В конце третьей недели января наш штаб продолжал отступать. Мы остановились в хорошо оборудованных деревянных блиндажах запасного аэродрома Гумрак, которые когда-то были выстроены под землей русскими и до недавнего времени давали приют штабу армии. Над беспорядочным скоплением отходящего транспорта и воинских частей непрерывно кружили советские самолеты. Для них находилось сколько угодно достойных внимания целей. Чувство безопасности в подземных убежищах, защищенных от воздушных налетов, оказывало благотворное воздействие. Я решил написать прощальное письмо домой.

Последнюю весточку от жены я получил в конце декабря. На новую почту с родины давно уже нечего было рассчитывать.

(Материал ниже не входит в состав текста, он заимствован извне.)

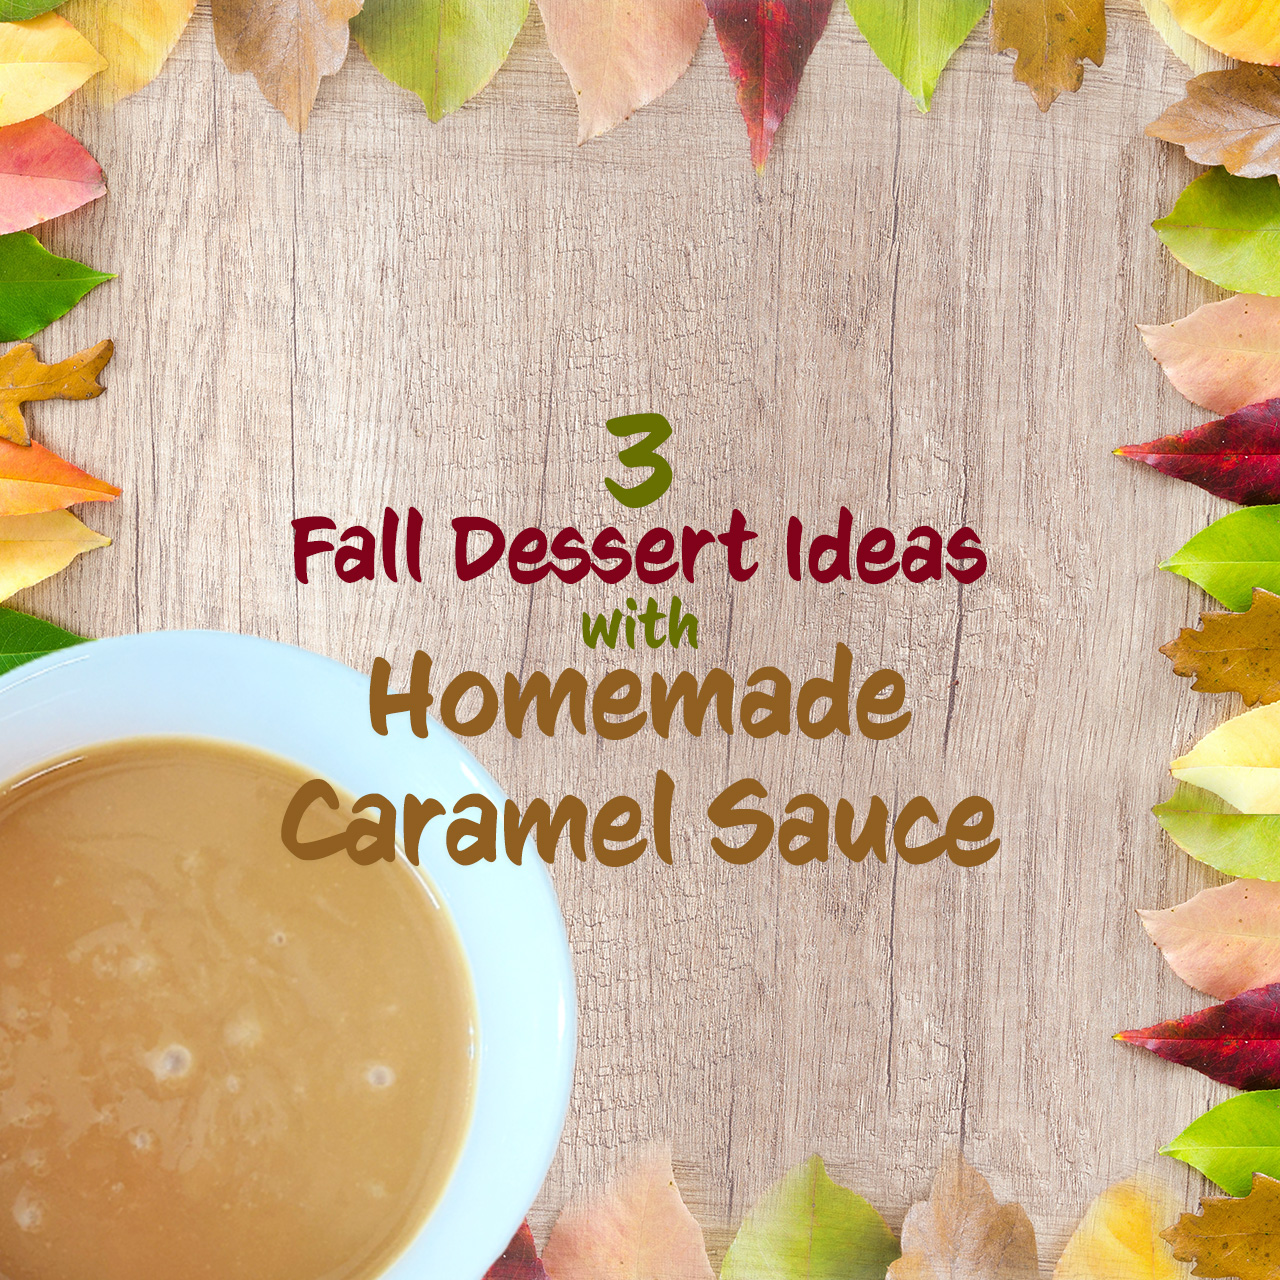 3 Fall Dessert Ideas with Homemade Caramel Sauce
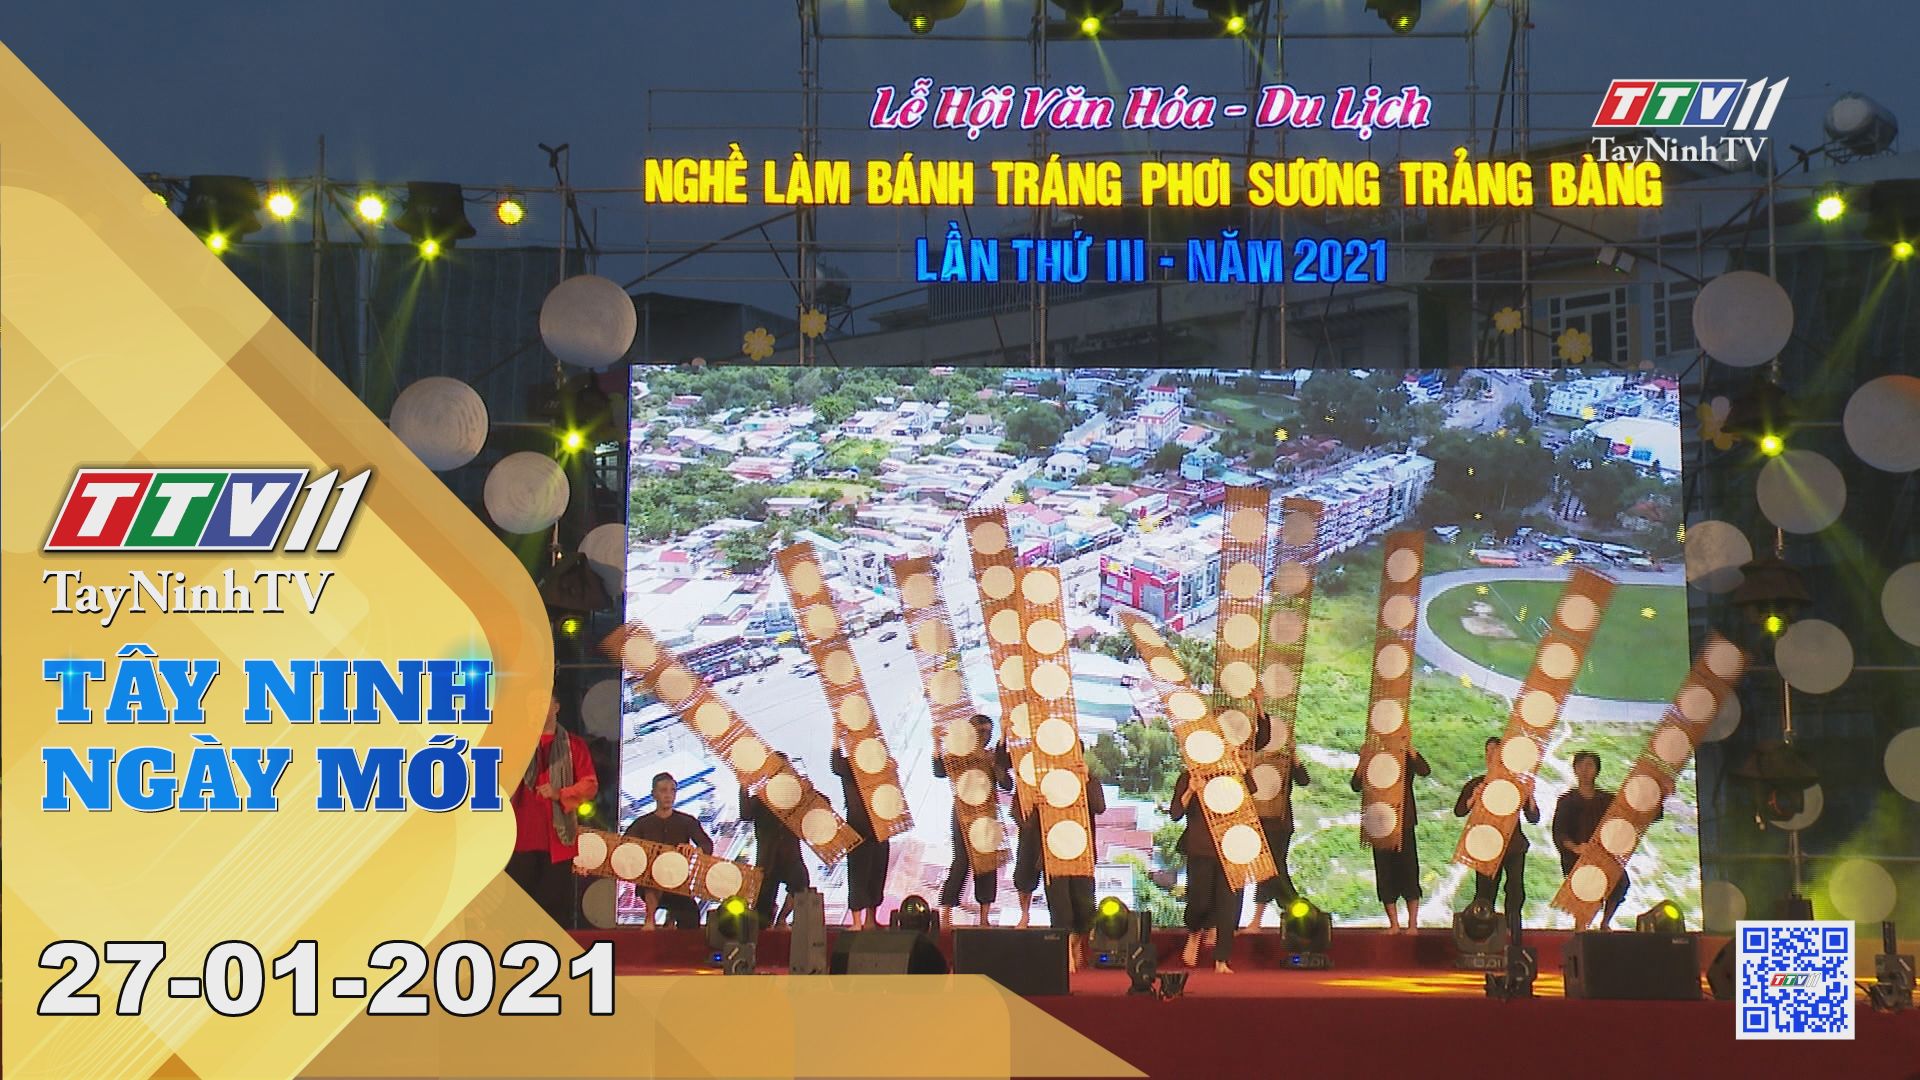 Tây Ninh Ngày Mới 27-01-2021 | Tin tức hôm nay | TayNinhTV
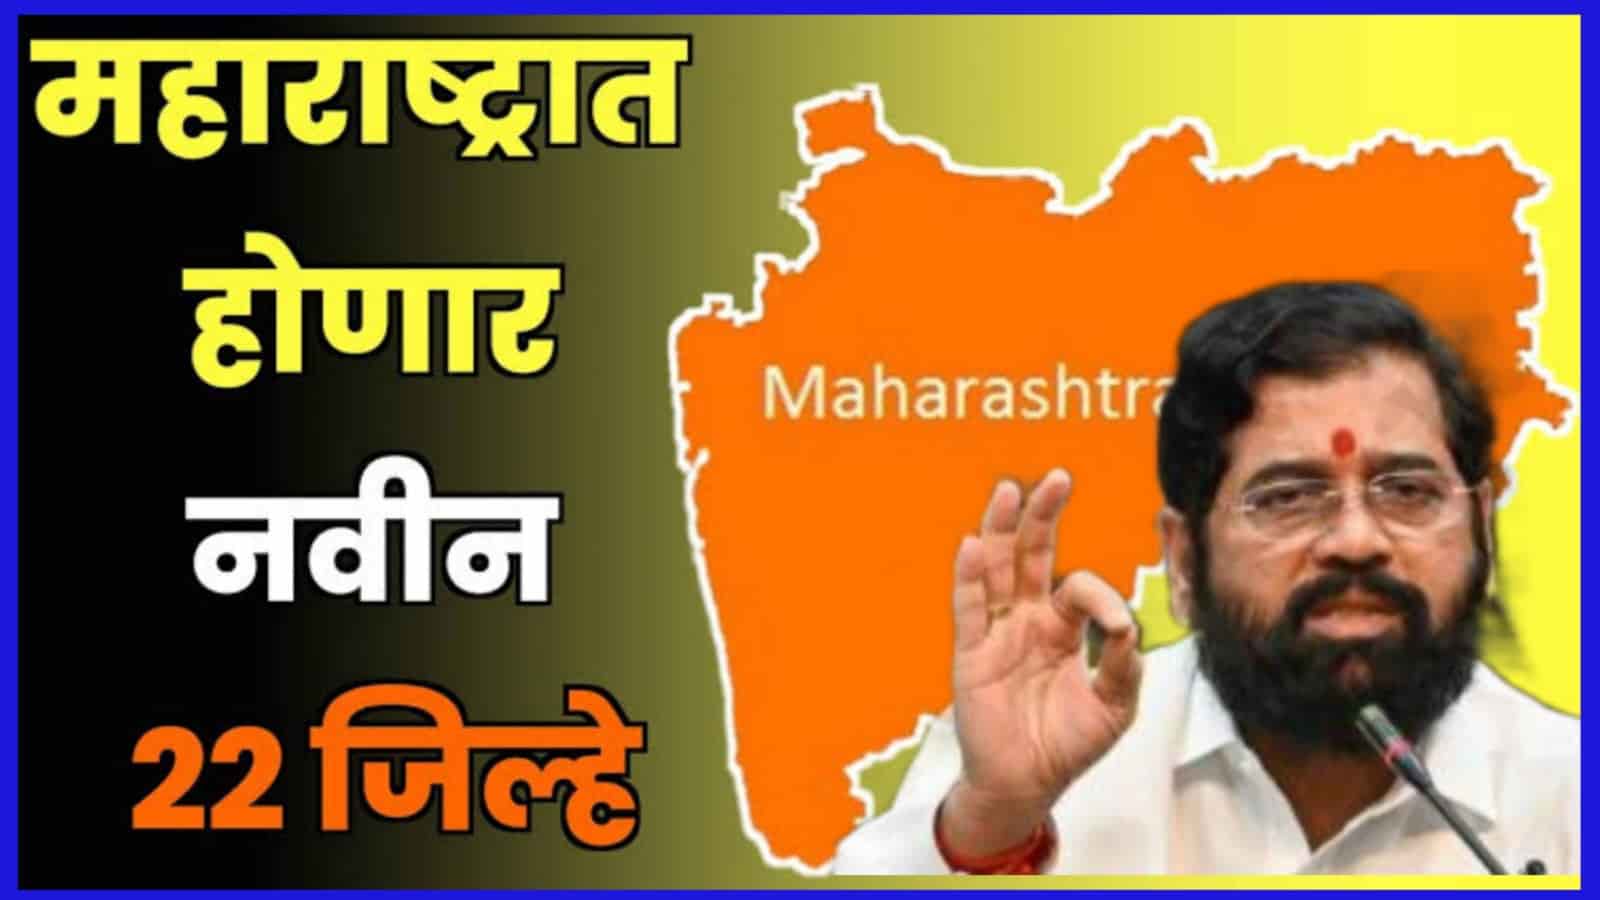 राज्यात 22 नवे जिल्हे प्रस्तावित, जाणून घ्या कोणत्या जिल्ह्यांचे होऊ शकते विभाजन |Maharashtra State 22 new districts proposed , know which districts may be divided
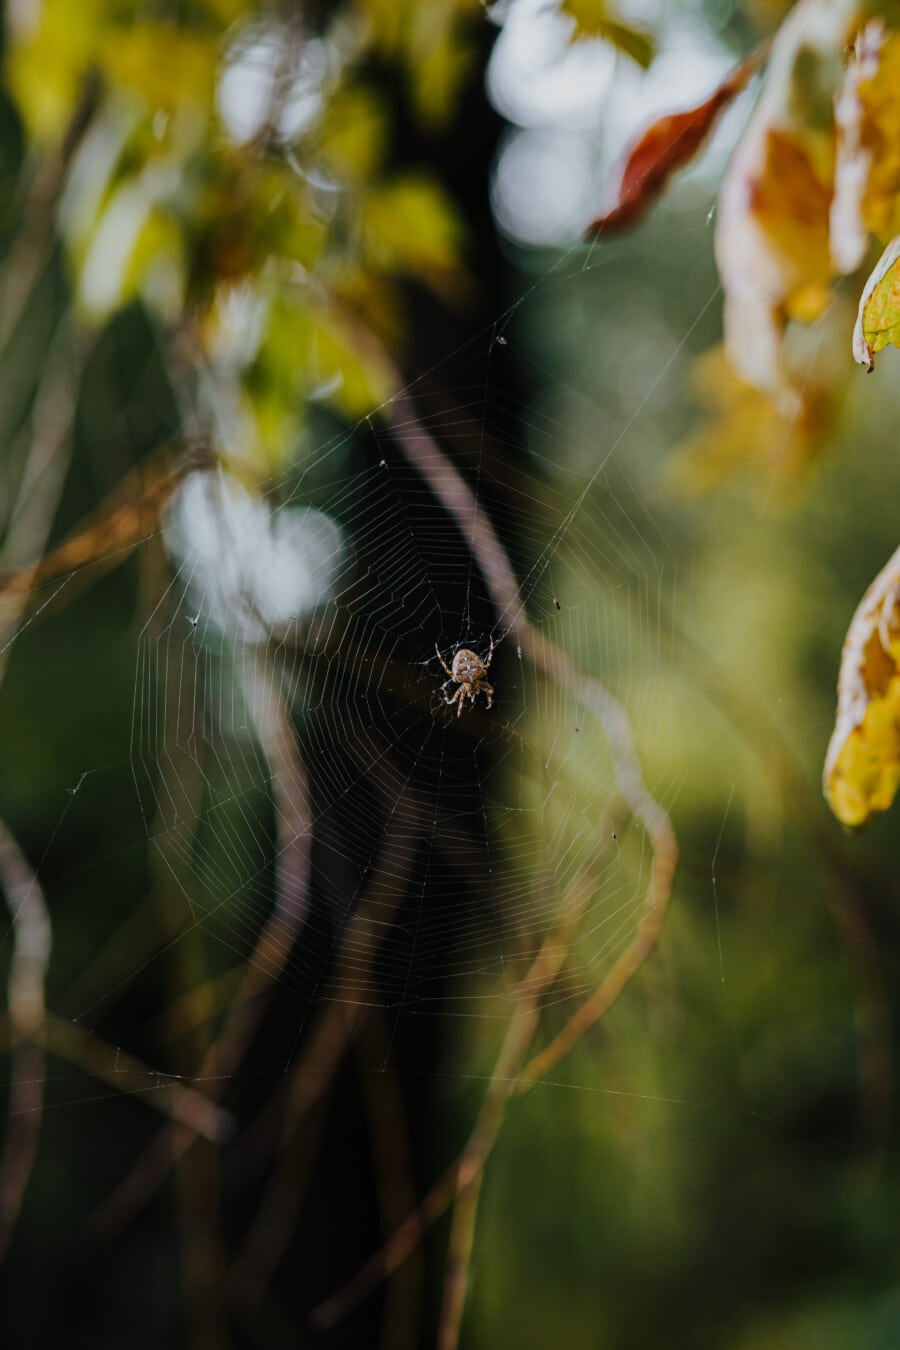 蜘蛛, 蜘蛛网, 蜘蛛网, 陷阱, 性质, 蜘蛛, 昆虫, 户外活动, 野生动物, 蛛网
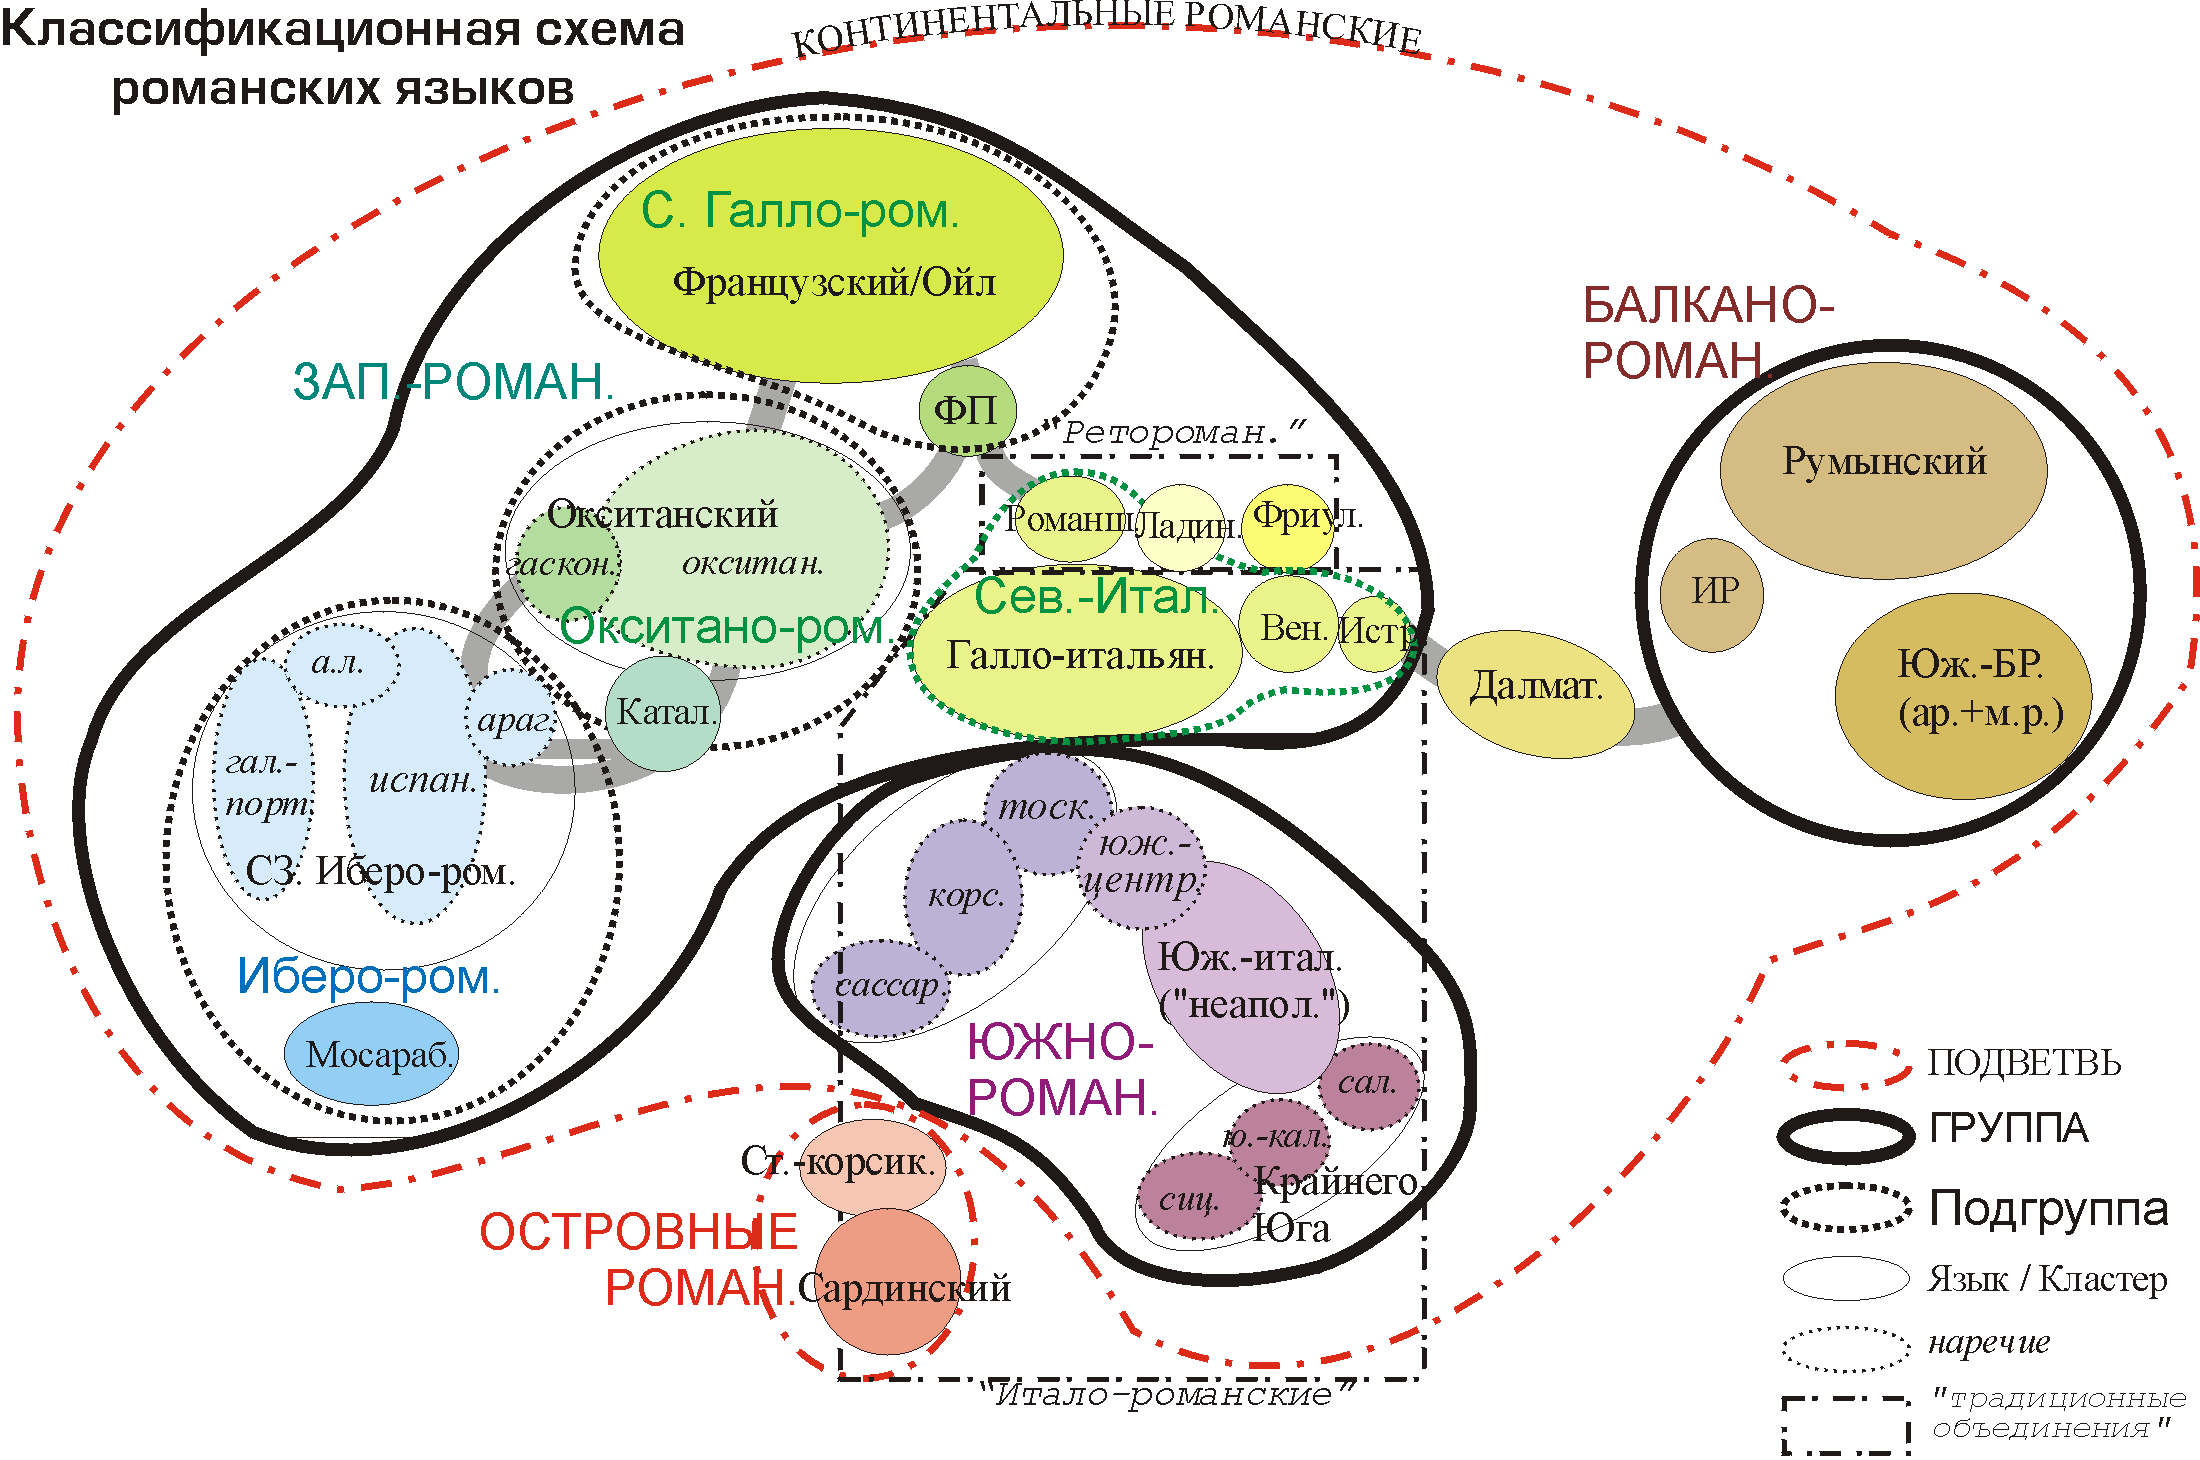 Классификация романских языков и диалектов

Многие мои товарищи мысленно распростились с жизнью, многие откровенно говорили о самоубийстве. Уже остался позади тот печальный час, когда были написаны и доверены ненадежной почте слова прощального привета. Кое-кто передавал через раненых, отправленных самолетами, свои ценности и обручальные кольца с просьбой вручить их родным. Сам я [104] до сих пор намеревался с помощью скупых намеков осторожно подготовить моих близких к катастрофе. Однако теперь я все-таки почувствовал потребность послать им слова последней благодарности и прощанья. В моих ушах, казалось, снова звучали слова «до свидания», которые молящим и заклинающим голосом произнесла моя жена весенней ночью прошлого года через многие сотни километров по телефонному проводу в Киев, перед тем как меня проглотили бескрайние просторы русской равнины восточнее Днепра. Теперь же скоро все должно кончиться, и в предстоящую вторую годовщину нашей свадьбы мучительная неизвестность и тоска по-прежнему будут обитать в сердце, которое сегодня еще бьется в робкой надежде.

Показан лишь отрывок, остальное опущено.